Días después y caída la tarde Draco bajó al campo, tenía práctica después de haber ganado el primer partido. No tardó mucho en ver al equipo reunido, había pedido a Neal MacMaster que se reuniera ese día, ahora sólo faltaba que llegará Blaise. Draco lo divisó bajando la colina con la escoba a cuestas y probablemente un cigarrillo en la mano, era un experto en burlar a Filch con eso, pero ese día no resultaba nada más que un marica entrometido, un idiota y Draco estaba decidido a darle su merecido, a vengarse de él sin que la conciencia se lo recriminara después, ya la vida le había puesto la oportunidad en bandeja de plata y no la desaprovecharía.
- Hoy no habrá práctica.
- ¿Por qué Draco? – Dijo Zabini carraspeando por el cigarro.
- Por que hay otros asuntos que arreglar primero.
- ¿Cómo cuáles? – Preguntó Goyle, ese día también los acompañaba Crabbe.
- Cómo lo que verdaderamente pasó el sábado en el juego. – Todos se quedaron en silencio, Aránzazu se agarró del brazo de Simoné. Draco sabía que había dado en el justo lugar. – Aranza, ¿Podrías decirnos que fue lo que pasó cuando caíste de la escoba? – Inquirió Draco y la chica miró temblorosa a Zabini.
- Pues… yo iba con la Quaffle en la mano… pensaba anotar, pero en eso Blaise me empujó y dijo que él tenía que ser el que anotara, yo no quise dársela por haberme empujado, pero luego lo volvió a hacer y perdí el equilibrio, ni siquiera me di cuenta cuando me quitó la pelota.
- ¿Qué tienes que decir Blaise? – Preguntó Draco, un poco gustoso. Zabini tenía el temple traslucido y el ceño fruncido.
- Que no es cierto, ella miente…
- ¡Mentira! – Saltó Simoné iracunda. – ¡Aranza no miente, la empujaste apropósito y lo mismo hubieras hecho conmigo, sólo por que te molesta jugar con mujeres!
- ¡Eso no es cierto! – Gritó Zabini fuertemente. – Ella no me quiso pasar la Quaffle como habíamos acordado.
- No habíamos acorado en nada Blaise. – Dijo Aránzazu resentida. – Estabas tratando de hacer que ninguna anotara, querías todo el crédito para ti.
- Bueno yo no tengo la culpa de ser más competente. ¿Por qué no te das cuenta de eso Draco? Ahora hasta tenemos problemas por que son unas chifladas.

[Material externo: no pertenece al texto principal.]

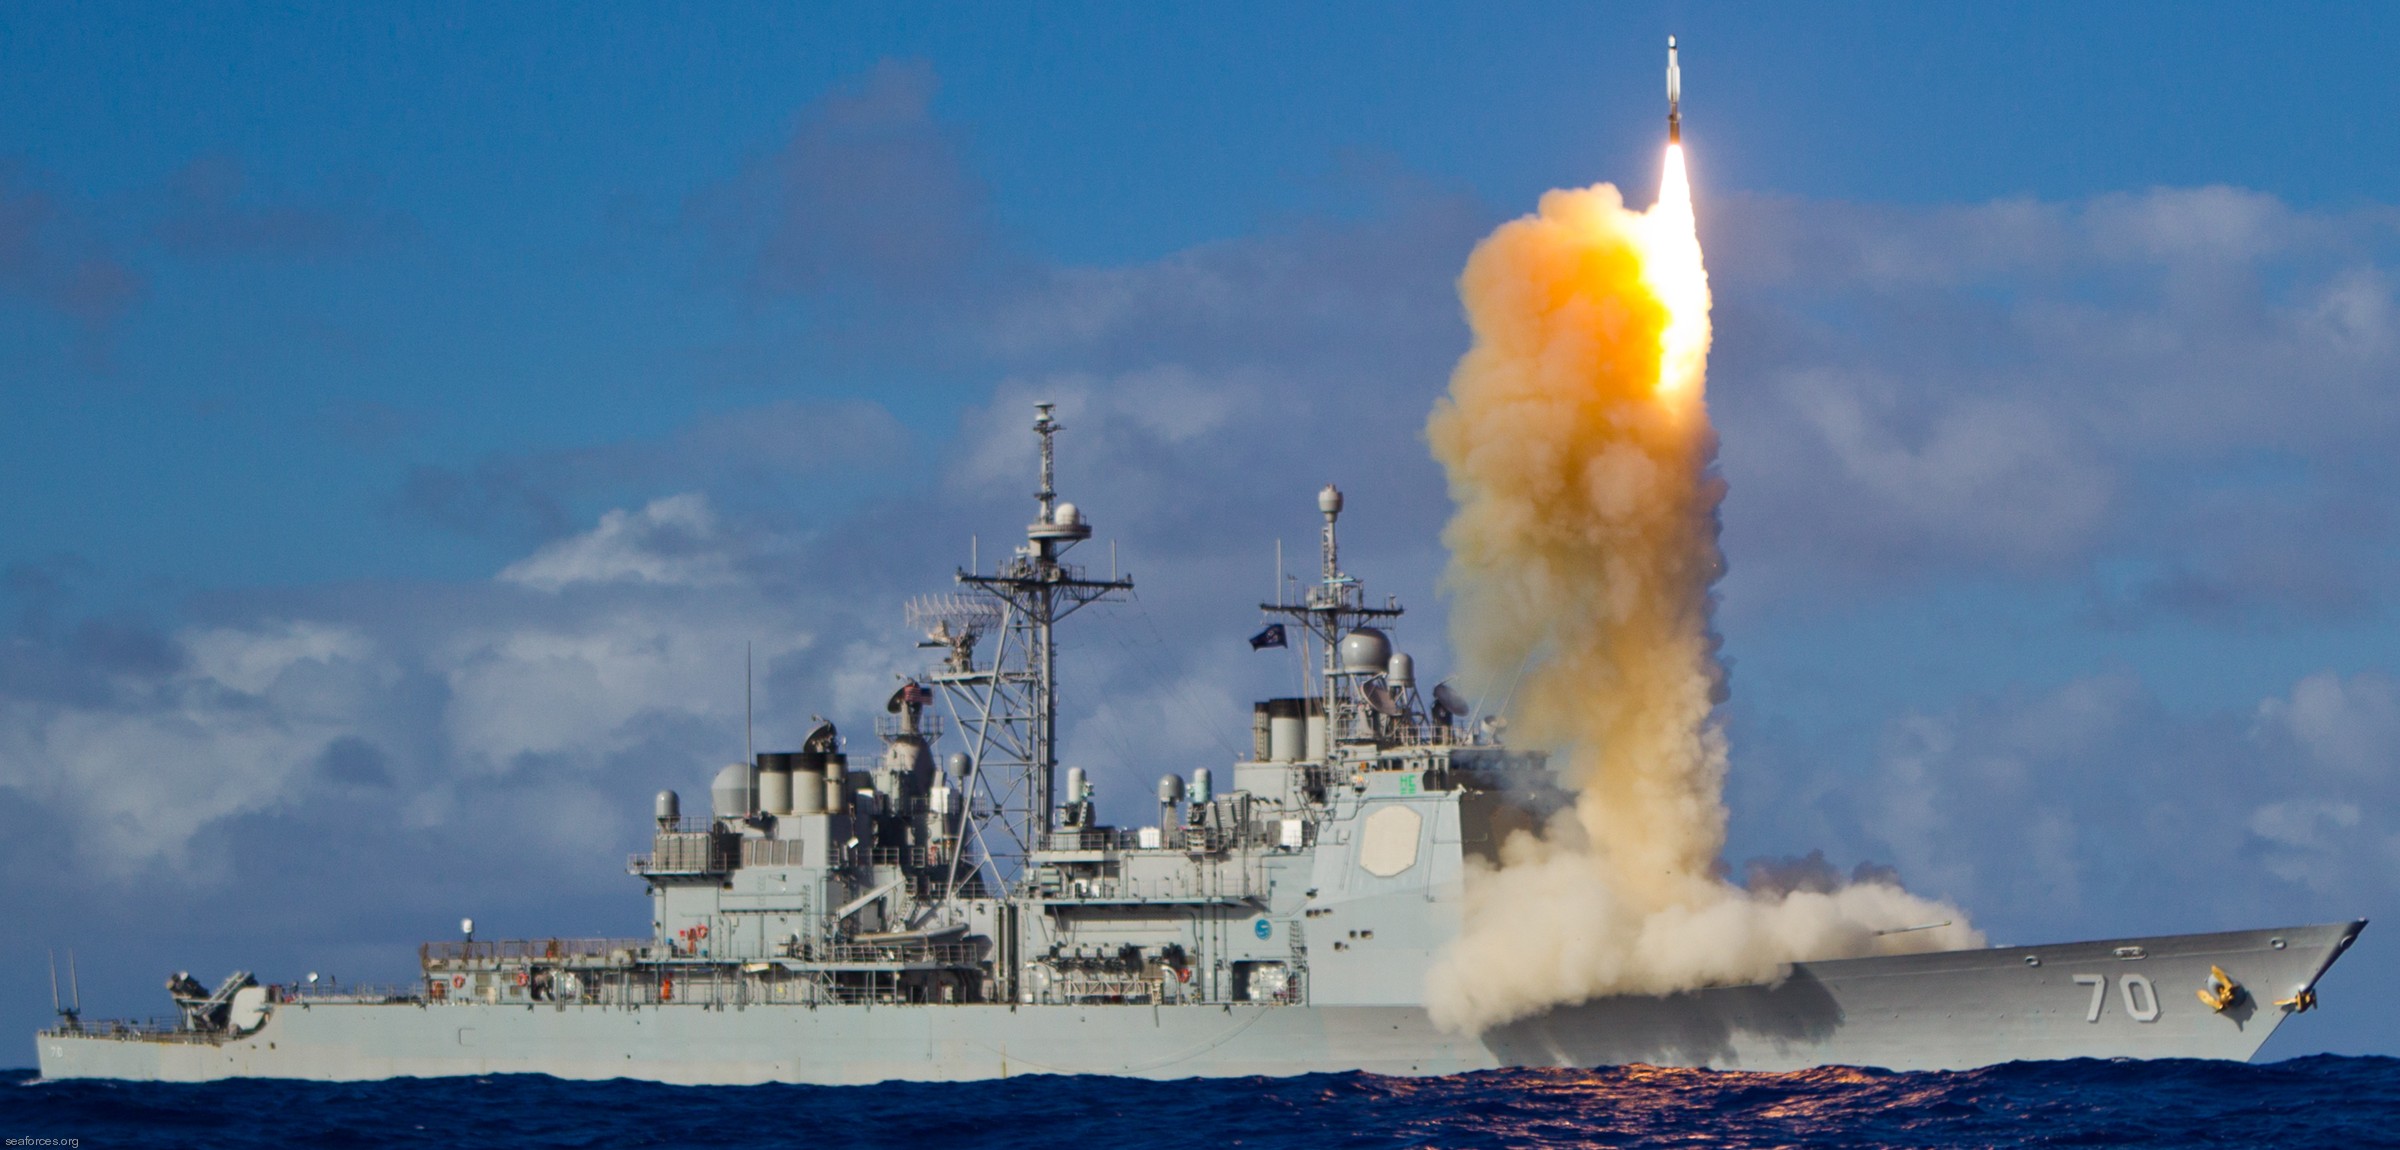 cg-70 uss lake erie ticonderoga class guided missile cruiser navy 27 standard missile sm-3 launch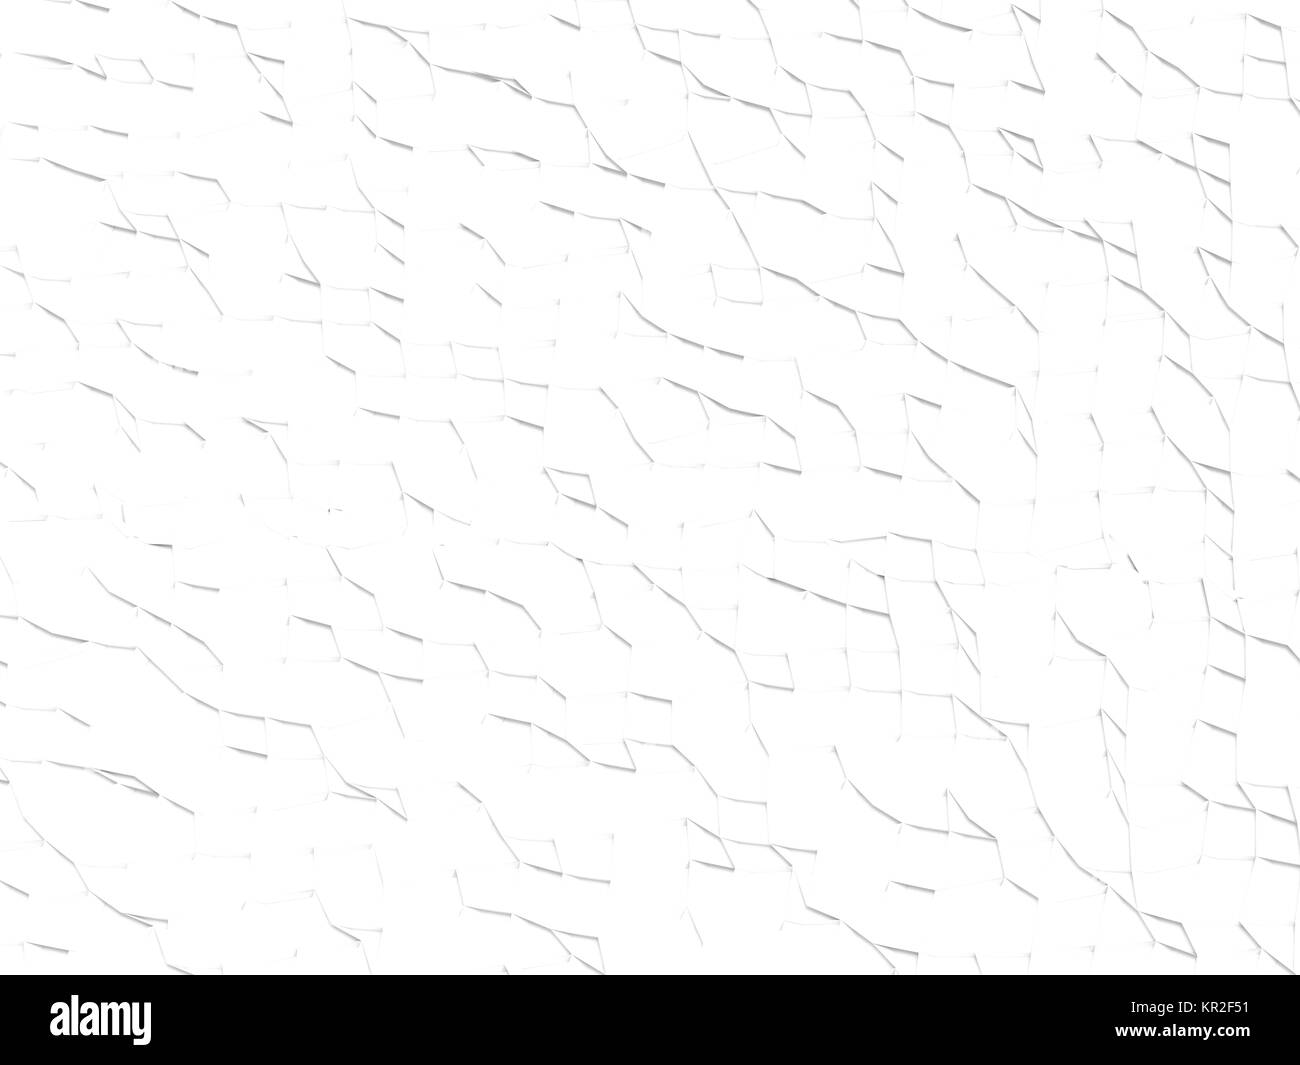 3d redndering scratch wall texture isolated with white Stock Photo

- No lo creo Blaise. Veo perfectamente que te han herido el ego, pero ya tomé una decisión: juagará Neal en tu lugar. – Blaise contuvo el aire.
- ¿Y yo en el de quién?
- En el de nadie, estas fuera del equipo, si no piensas comportarte y cooperar te puedes ir retirando. No pondré en peligro al resto por tus necedades. ¿Están todos de acuerdo en que Neal ocupe el puesto? – Preguntó Draco disfrutándolo mucho. Aránzazu fue la primera en levantar la mano, pero todos lo hicieron a acepción de Neal e incluyendo a Crabbe.
- Perfecto. – Espetó Blaise a Draco. – Estas cometiendo un grave error Malfoy, este equipo de mierda no será nada sin mí. Perderás la liga y cuando lo hagas iras a pedirme una disculpa. – Dijo y comenzó a caminar de regreso. Draco lo siguió, aun no había terminado con él.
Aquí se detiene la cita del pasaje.